Mentioned above: The more popular class, the greater the degree of similarity within their class objects. In addition, the similarity between the different areas of the most popular items is often very high.

For example
older people like to read the news network, do not look at other news programs. After they read the news network, immediately change the channel to see the central eight sets of domestic drama, other TV shows (such as drama) hardly looked. Then, the data ItemCF algorithm, we can easily believe that a high degree of similarity with the TV news network prime time, and the similarity with other news network news programs (such as Nanjing Zero) is very low. This is clearly unreasonable.

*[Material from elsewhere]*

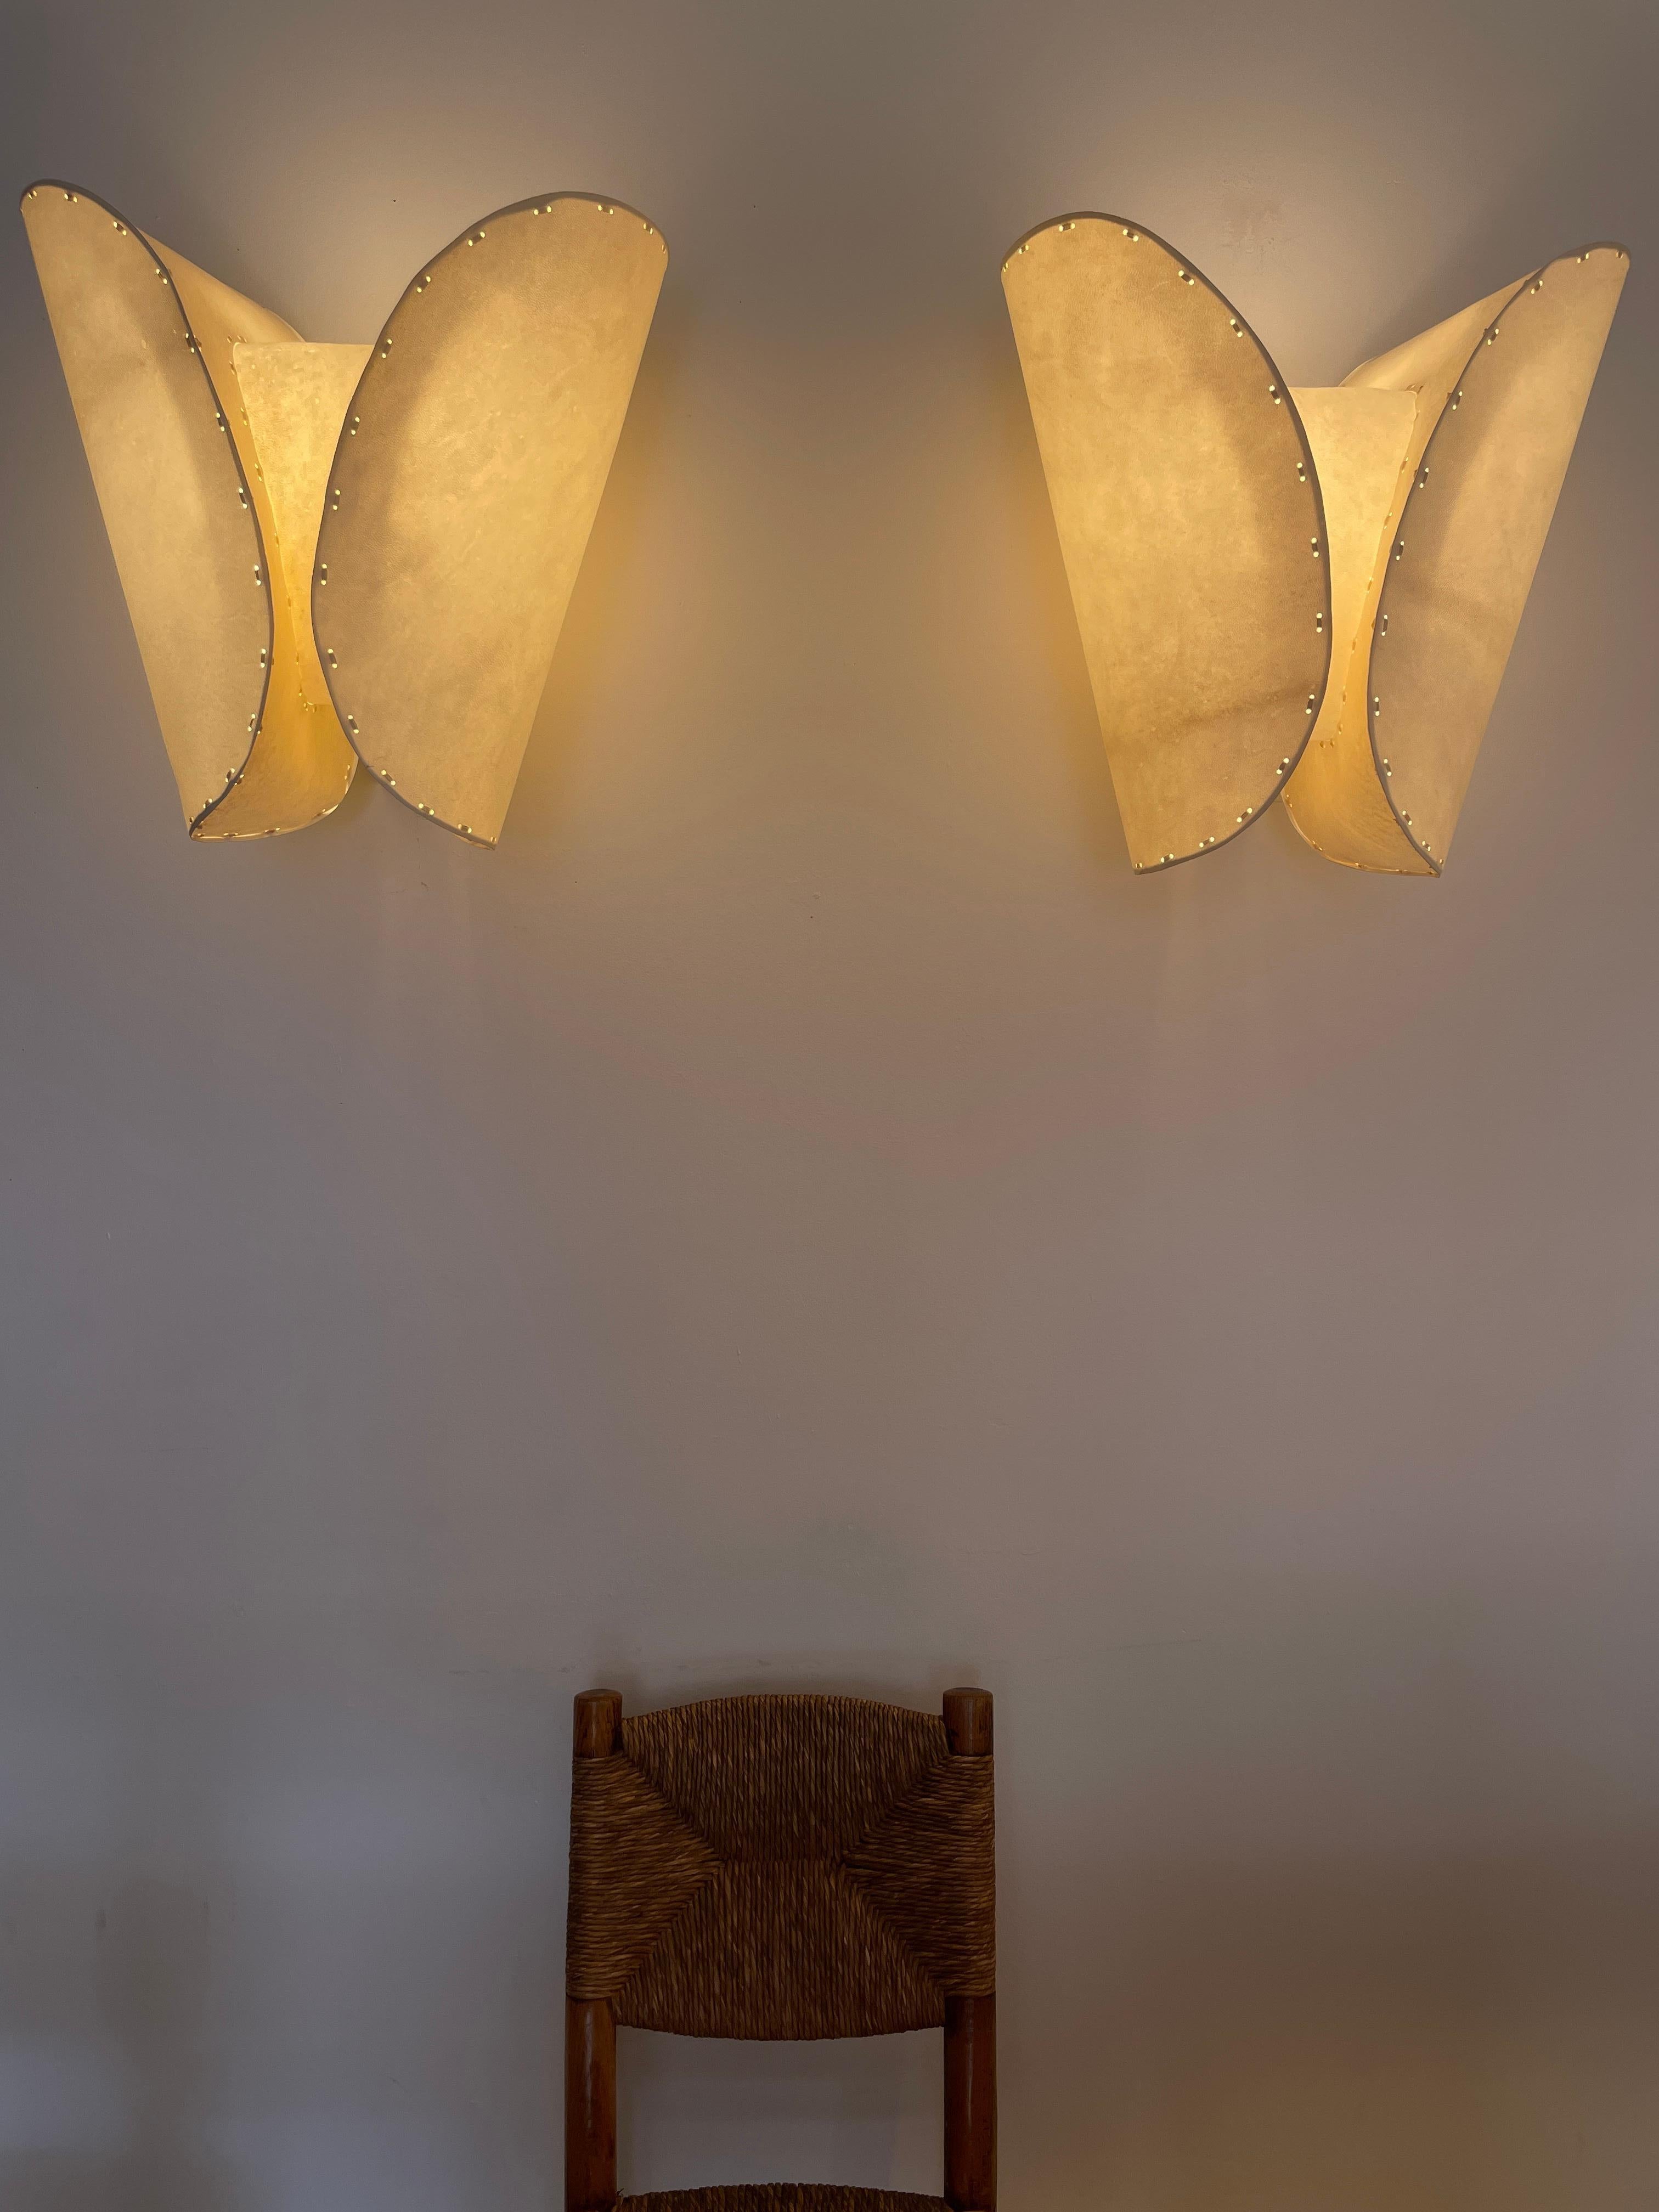 Mauro Fabbro “Gstaad” Wall Lamps Sconce  Alexandre Biaggi  Botega Volta. Signed  For Sale 3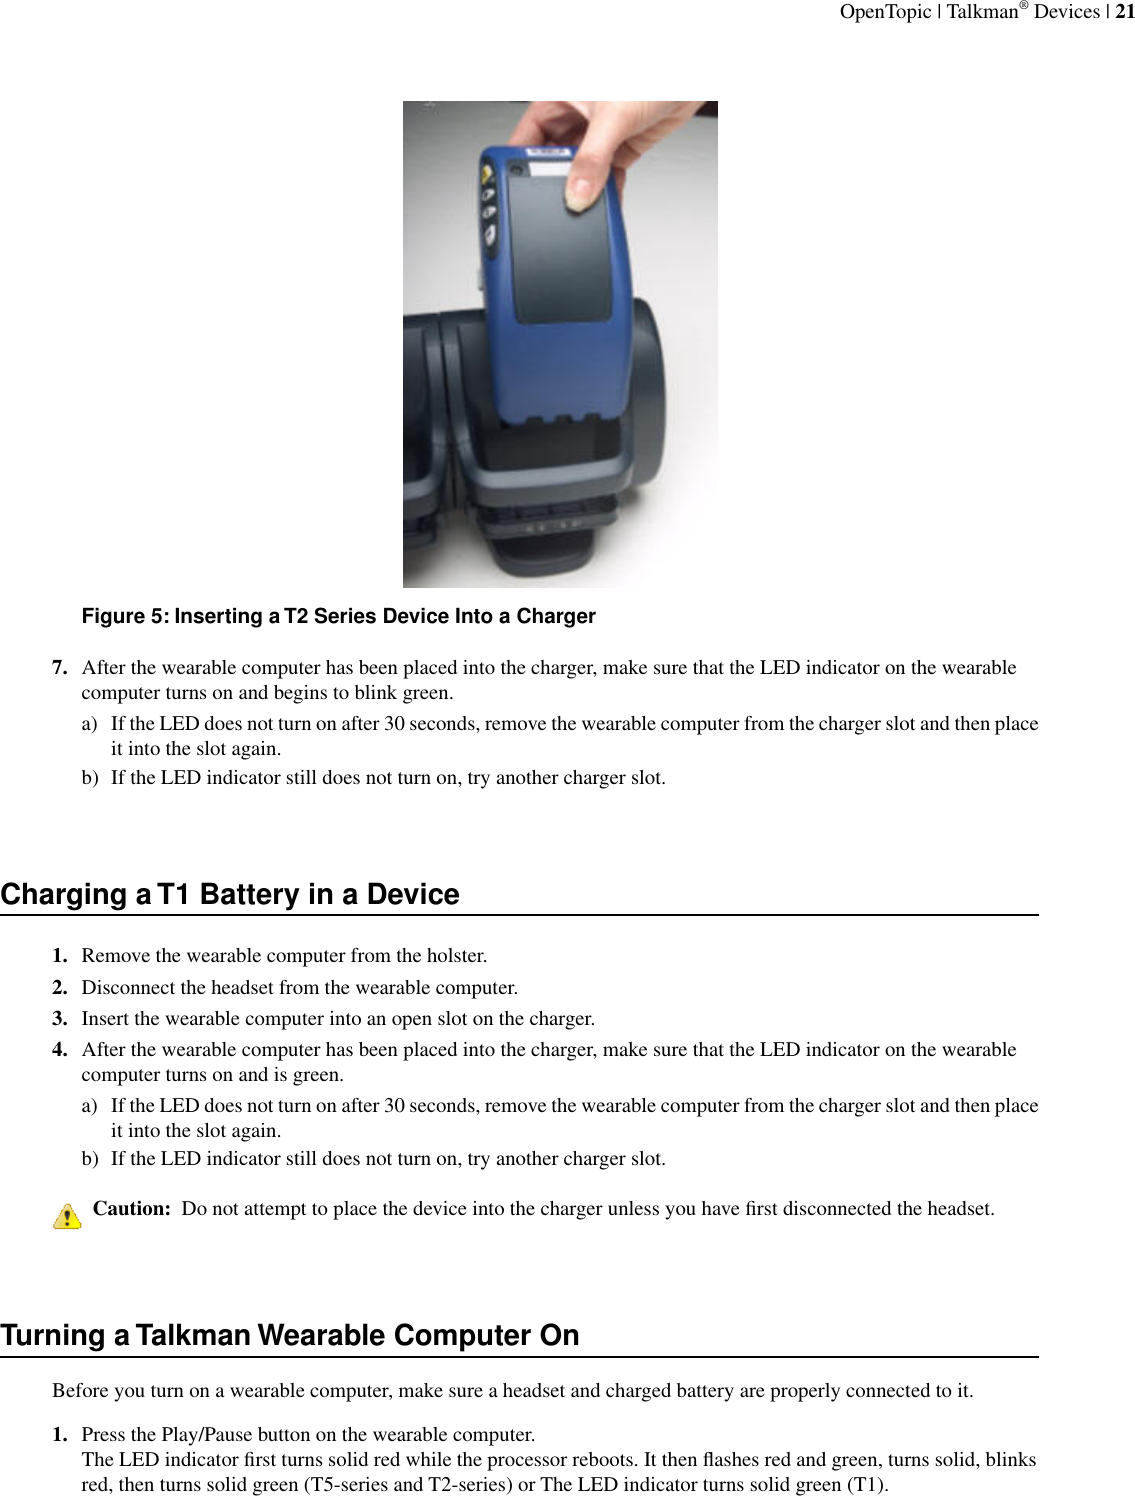 Figure 5: Inserting a T2 Series Device Into a Charger7. After the wearable computer has been placed into the charger, make sure that the LED indicator on the wearablecomputer turns on and begins to blink green.a) If the LED does not turn on after 30 seconds, remove the wearable computer from the charger slot and then placeit into the slot again.b) If the LED indicator still does not turn on, try another charger slot.Charging a T1 Battery in a Device1. Remove the wearable computer from the holster.2. Disconnect the headset from the wearable computer.3. Insert the wearable computer into an open slot on the charger.4. After the wearable computer has been placed into the charger, make sure that the LED indicator on the wearablecomputer turns on and is green.a) If the LED does not turn on after 30 seconds, remove the wearable computer from the charger slot and then placeit into the slot again.b) If the LED indicator still does not turn on, try another charger slot.Caution:  Do not attempt to place the device into the charger unless you have ﬁrst disconnected the headset.Turning a Talkman Wearable Computer OnBefore you turn on a wearable computer, make sure a headset and charged battery are properly connected to it.1. Press the Play/Pause button on the wearable computer.The LED indicator ﬁrst turns solid red while the processor reboots. It then ﬂashes red and green, turns solid, blinksred, then turns solid green (T5-series and T2-series) or The LED indicator turns solid green (T1).OpenTopic | Talkman® Devices | 21

For such problems, the user data alone can not be solved, it is necessary to introduce the contents of data items. This is beyond the scope of the collaborative filtering.

3. UserCF V.S. ItemCFU

Application UserCF and ItemCF algorithm in reality

the company	algorithm	use
Digg	UserCF	Personalized web article recommendation
GroupLens	UserCF	Personalized news recommendation
NetFlix	ItemCF	Film recommendation
Amazon	ItemCF	Shopping Recommended

Why is news recommended UserCF algorithm, and shopping sites use ItemCF algorithm?
Recommended result UserCF algorithm focuses on hot spots reflect those target users with similar interests of small groups, and recommendation results ItemCF algorithm focuses on the history of interest in the maintenance of the target user. In other words, UserCF recommended more social, and more personalized recommendations ItemCF.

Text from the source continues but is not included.